Django/Postgres performance worsening after repeatedly processing the same query - django

I am running Django on Apache. I have several client computers which should call urllib2.urlopen() and send over some data which my server will process and immediately send back a reply. However, when I am testing this I found a very tricky issue. I have one client repeatedly send the same data to be processed. The first time, it takes around ~20 seconds, second time, it takes about 40 seconds, third time I get a 504 (gateway timeout) error. If I try to send data some more 504 errors randomly pop up. I am pretty sure this is an issue with Postgres as the function that processes the information makes many database calls, however, I do not know why the performance of Postgres would decline so much. I have tried several database optimization tricks, including this one: (http://stackoverflow.com/questions/1125504/django-persistent-database-connection), to no avail.
Thanks in advance.
Edit: The requests are not coming concurrently. They are coming in back to back and each query involves a lot of SELECTs and JOINs, and there are a few INSERTs and UPDATEs as well. The apache error logs show that it is just a simple timeout, where the function to process the client posted data takes over 90 seconds.

If it's really Postgres, then you should turn on the logging of slow statements in the Postgres configuration to find out which statement exactly is taking so much time.
This can be done by setting the configuration property log_min_duration.

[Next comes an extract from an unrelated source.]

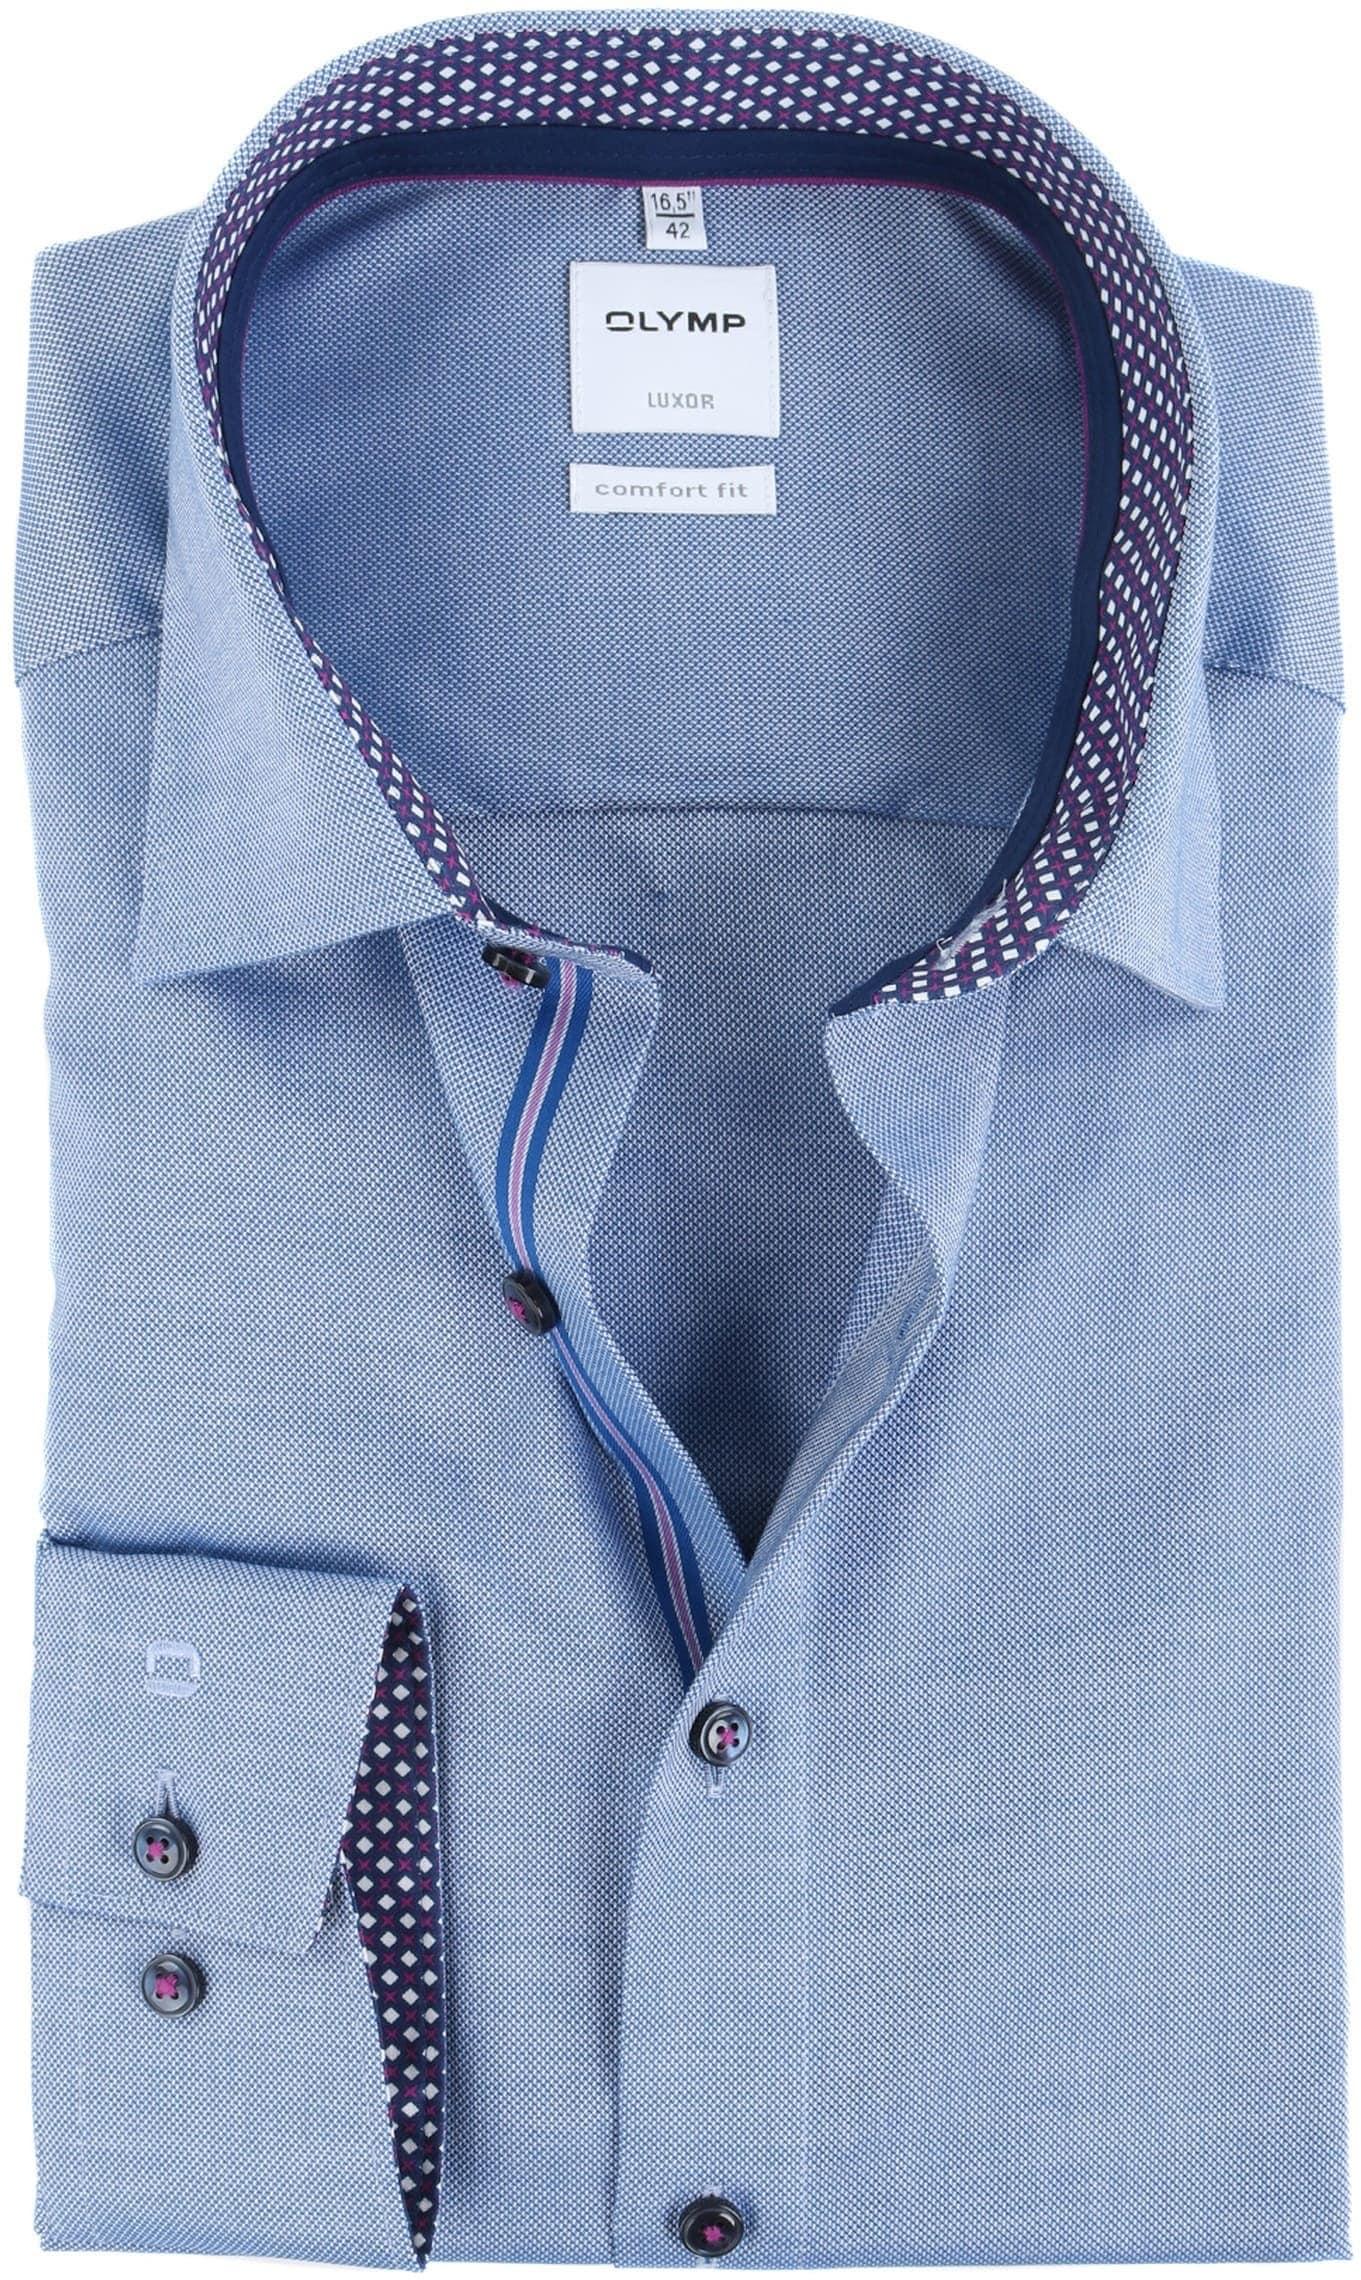 OLYMP Luxor Overhemd Strijkvrij Blauw Comfort Fit foto 0

Details are in the manual:
http://www.postgresql.org/docs/current/static/runtime-config-logging.html#GUC-LOG-MIN-DURATION-STATEMENT
You say the function makes "many database calls" so I'd start with a very low number, or even 0 to log the duration of all statements, then you might be able to identify the slow ones.

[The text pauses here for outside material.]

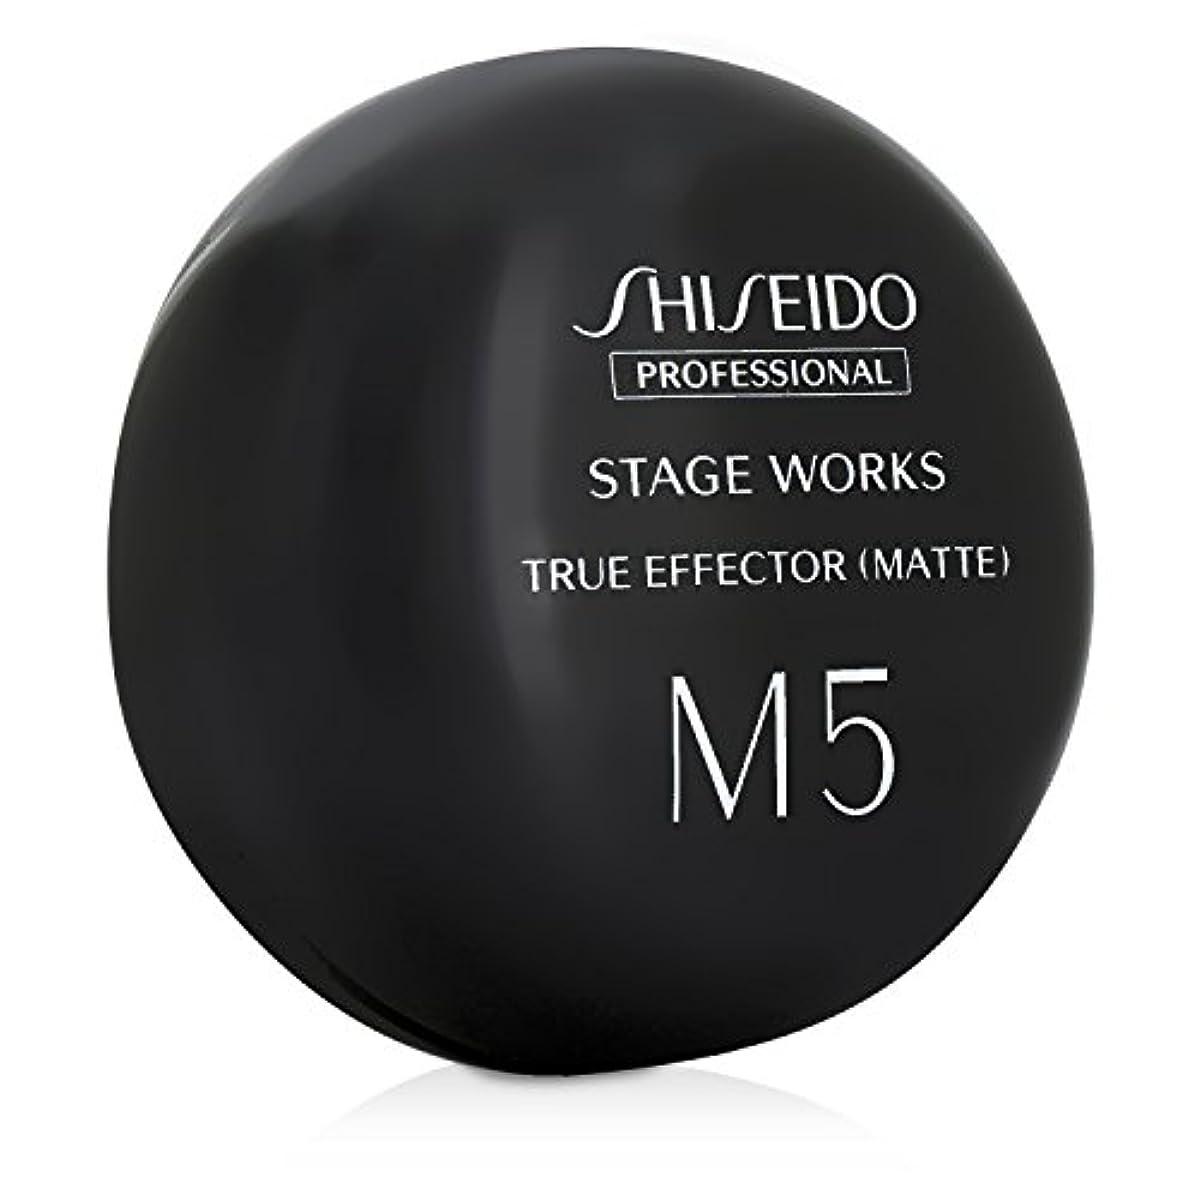 [해외] 시세이도 스테이지웍스 트루 이펙터 매트 M5 (80g)

It could also be a locking issued. Maybe the first call does not end its transaction properly and subsequent calls run into a timeout when waiting for a resource.
You can verify this by checking the system view pg_locks after the first call.

Have you checked the Apache error_logs? Have you set django DEBUG = True or ADMINS = ('email#addr.com',) so you can get a detailed error report about what the actual cause of the issue is? If so, how about pasting some information here.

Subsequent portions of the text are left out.